[Extracted records]
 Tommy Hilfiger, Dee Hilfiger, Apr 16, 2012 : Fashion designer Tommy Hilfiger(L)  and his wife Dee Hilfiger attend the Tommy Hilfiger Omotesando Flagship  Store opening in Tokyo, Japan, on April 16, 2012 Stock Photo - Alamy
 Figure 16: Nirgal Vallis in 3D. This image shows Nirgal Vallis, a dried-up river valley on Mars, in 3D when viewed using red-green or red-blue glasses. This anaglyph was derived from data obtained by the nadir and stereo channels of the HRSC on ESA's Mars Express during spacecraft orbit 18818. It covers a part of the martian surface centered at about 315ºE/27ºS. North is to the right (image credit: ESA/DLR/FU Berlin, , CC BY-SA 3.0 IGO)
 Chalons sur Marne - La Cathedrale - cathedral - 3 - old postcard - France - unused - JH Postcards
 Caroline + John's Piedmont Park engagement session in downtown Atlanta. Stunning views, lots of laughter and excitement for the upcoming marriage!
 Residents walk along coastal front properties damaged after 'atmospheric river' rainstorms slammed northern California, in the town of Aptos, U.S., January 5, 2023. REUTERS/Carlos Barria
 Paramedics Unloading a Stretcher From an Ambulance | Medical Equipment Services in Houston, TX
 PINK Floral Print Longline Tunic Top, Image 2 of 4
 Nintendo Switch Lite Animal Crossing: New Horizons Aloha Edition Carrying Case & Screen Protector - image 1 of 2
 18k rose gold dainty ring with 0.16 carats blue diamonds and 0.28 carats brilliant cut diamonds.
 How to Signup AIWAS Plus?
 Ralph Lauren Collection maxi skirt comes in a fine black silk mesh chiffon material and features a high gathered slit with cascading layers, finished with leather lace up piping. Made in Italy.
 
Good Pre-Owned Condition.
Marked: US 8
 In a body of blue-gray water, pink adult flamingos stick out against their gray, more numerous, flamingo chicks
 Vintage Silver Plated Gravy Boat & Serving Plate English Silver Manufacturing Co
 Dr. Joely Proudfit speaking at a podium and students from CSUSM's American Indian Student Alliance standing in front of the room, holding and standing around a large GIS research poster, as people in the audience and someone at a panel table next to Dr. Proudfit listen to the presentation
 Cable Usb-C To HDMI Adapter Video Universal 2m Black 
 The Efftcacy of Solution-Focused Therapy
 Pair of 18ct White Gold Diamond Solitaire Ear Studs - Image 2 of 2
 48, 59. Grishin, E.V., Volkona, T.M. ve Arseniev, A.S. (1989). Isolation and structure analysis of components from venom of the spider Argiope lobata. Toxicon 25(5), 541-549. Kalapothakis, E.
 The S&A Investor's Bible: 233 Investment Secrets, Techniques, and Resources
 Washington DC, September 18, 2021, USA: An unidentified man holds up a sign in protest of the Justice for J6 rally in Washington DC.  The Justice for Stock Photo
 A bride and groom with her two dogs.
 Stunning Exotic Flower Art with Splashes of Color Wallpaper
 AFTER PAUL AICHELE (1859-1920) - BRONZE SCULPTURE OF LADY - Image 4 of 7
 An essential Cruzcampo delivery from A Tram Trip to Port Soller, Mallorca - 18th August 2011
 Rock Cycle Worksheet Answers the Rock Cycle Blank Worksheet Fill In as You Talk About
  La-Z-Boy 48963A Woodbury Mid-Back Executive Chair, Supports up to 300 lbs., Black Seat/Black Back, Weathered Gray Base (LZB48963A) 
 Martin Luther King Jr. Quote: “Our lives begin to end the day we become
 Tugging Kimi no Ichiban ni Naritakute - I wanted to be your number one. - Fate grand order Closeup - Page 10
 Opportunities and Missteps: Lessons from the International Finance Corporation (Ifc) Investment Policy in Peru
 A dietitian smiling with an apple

[Exercise]
Can you quote exactly the lines from the one containing "48, 59. Grishin, E.V., Volkona, T.M." through the last line of the records above, and nothing else?

[Expected answer]
 48, 59. Grishin, E.V., Volkona, T.M. ve Arseniev, A.S. (1989). Isolation and structure analysis of components from venom of the spider Argiope lobata. Toxicon 25(5), 541-549. Kalapothakis, E.
 The S&A Investor's Bible: 233 Investment Secrets, Techniques, and Resources
 Washington DC, September 18, 2021, USA: An unidentified man holds up a sign in protest of the Justice for J6 rally in Washington DC.  The Justice for Stock Photo
 A bride and groom with her two dogs.
 Stunning Exotic Flower Art with Splashes of Color Wallpaper
 AFTER PAUL AICHELE (1859-1920) - BRONZE SCULPTURE OF LADY - Image 4 of 7
 An essential Cruzcampo delivery from A Tram Trip to Port Soller, Mallorca - 18th August 2011
 Rock Cycle Worksheet Answers the Rock Cycle Blank Worksheet Fill In as You Talk About
  La-Z-Boy 48963A Woodbury Mid-Back Executive Chair, Supports up to 300 lbs., Black Seat/Black Back, Weathered Gray Base (LZB48963A) 
 Martin Luther King Jr. Quote: “Our lives begin to end the day we become
 Tugging Kimi no Ichiban ni Naritakute - I wanted to be your number one. - Fate grand order Closeup - Page 10
 Opportunities and Missteps: Lessons from the International Finance Corporation (Ifc) Investment Policy in Peru
 A dietitian smiling with an apple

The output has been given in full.